Out: Quero liquidar tudo rápido!... Então assim: eu não faria algo nessa proposta assim tão longa. Lembra de quando você estava vivendo isso e eu te encontrei, na última vez, eu falei assim pra você: tem lá, por que você não fica uns três meses — três meses eu acho que é um tempo muito bom para você começar a refrescar e sentir o lado intuitivo. Mas, não adianta: você vai ter que voltar, não é? Enfim, eu, eu sinto que o meu momento, hoje, é esse: é aqui no meio da sociedade, tem que frutificar, florescer — não frutificar, mas florescer — onde a grande vida me plantou; ela me plantou aqui na sociedade; eu tenho que ter essa descoberta aqui mesmo! É óbvio que, eu tenho que saber, que eu preciso de momentos de repouso. Do mesmo jeito que eu preciso de momento de repouso físico... Quando você vai dormir você não quer barulho, você não quer interferência de nada. Também preciso de momentos, de repouso psíquico. Quando você vai comer... Quando você vai comer, você não quer ser incomodado; você desliga o celular, tudo, não é? Então, também, para eu me alimentar psiquicamente, eu também não quero ser incomodado. É uma coisa de recarregar as baterias... Mas, no resto, eu tenho que estar em contato, porque é aqui que o "bicho pega"... É aqui que você vê a sua tendência à normose, a sua, sabe...

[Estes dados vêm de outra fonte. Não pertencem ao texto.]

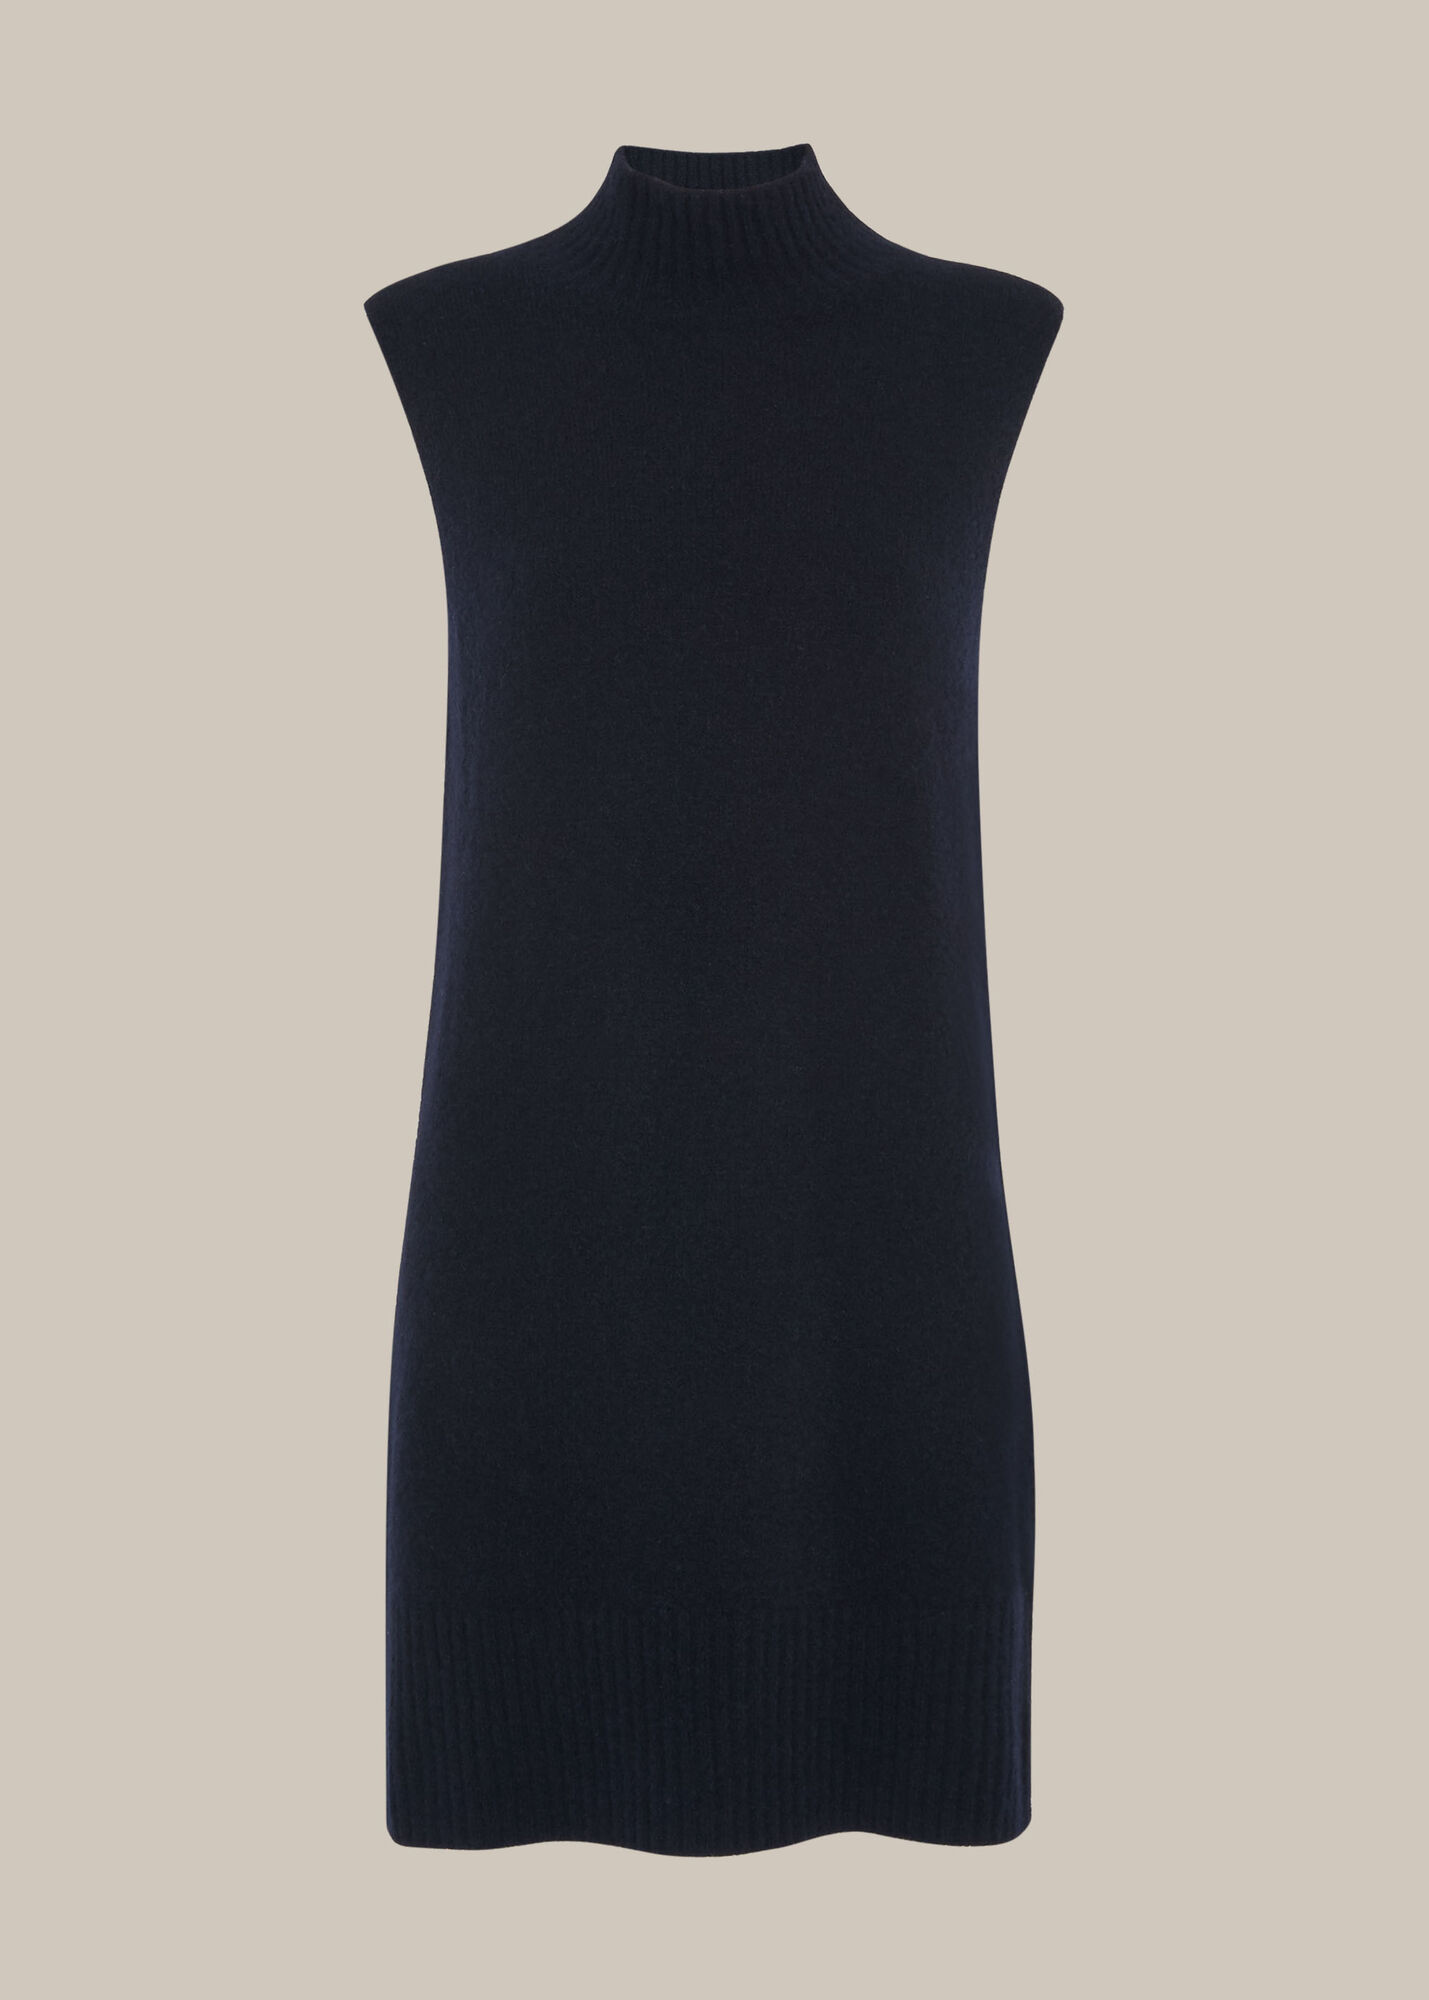 Navy Sleeveless Tunic Knit Dress | WHISTLES

DP: Sua vontade, os desejos...

Out: Você começa a perceber, olhar o desejo se manifestando, tentando tomar conta do corpo... Você olhar pra ele, do porque, o que é que está atrás dele... Porque é assim: o desejo... é porque você está insatisfeito. Você está insatisfeito, o pensamento começa a buscar alguma forma de prazer, que é desejo... Só que sempre frustra, não é? Sempre frustra! Traz um alívio imediato seguido de frustração ao quadrado. Mas isso, a gente já está careca de saber!

DP: É, percebe!

Out: Agora eu percebo isso é fato: Quanto mais você vai chegando nessa compreensão do movimento interno, mais o bicho ataca ferozmente... Engraçado que parece que até o externo colabora para isso, entendeu? Espreme! Espreme!... As fontes para você conseguir o mínimo necessário para conseguir uma existência digna, parece que também, também espreme! Espreme relações, espreme tudo! Por exemplo: ontem! Ontem eu escrevi um texto, sobre um sentimento que eu estou sentindo muito, que é um sentimento de solidão psíquica. Não física! Porque física, eu nem estou tendo tanto, porque assim, a gente, com essa busca do auto-conhecimento, você começa a ficar um cara mais seletivo, e também um cara mais ponderado no que você vai dizer, então você agride tanto as pessoas e também não permite ser agredido; então, você até tem pessoas em volta de você, só que, essa pessoas, elas estão totalmente enredadas pelo sistema; não tem como você falar nada do que você vive; não tem como você falar nada sobre sua percepção de mundo... Não tem! Você pode até tentar e vai ver que em cinco minutos elas já começam a abrir a boca de sono! Porque aquilo, dá um nó no cérebro delas! Com cinco minutos de conversa, você entra pra uma energia que eles não estão preparados: isso descarrega eles! Então, você não tem feedback!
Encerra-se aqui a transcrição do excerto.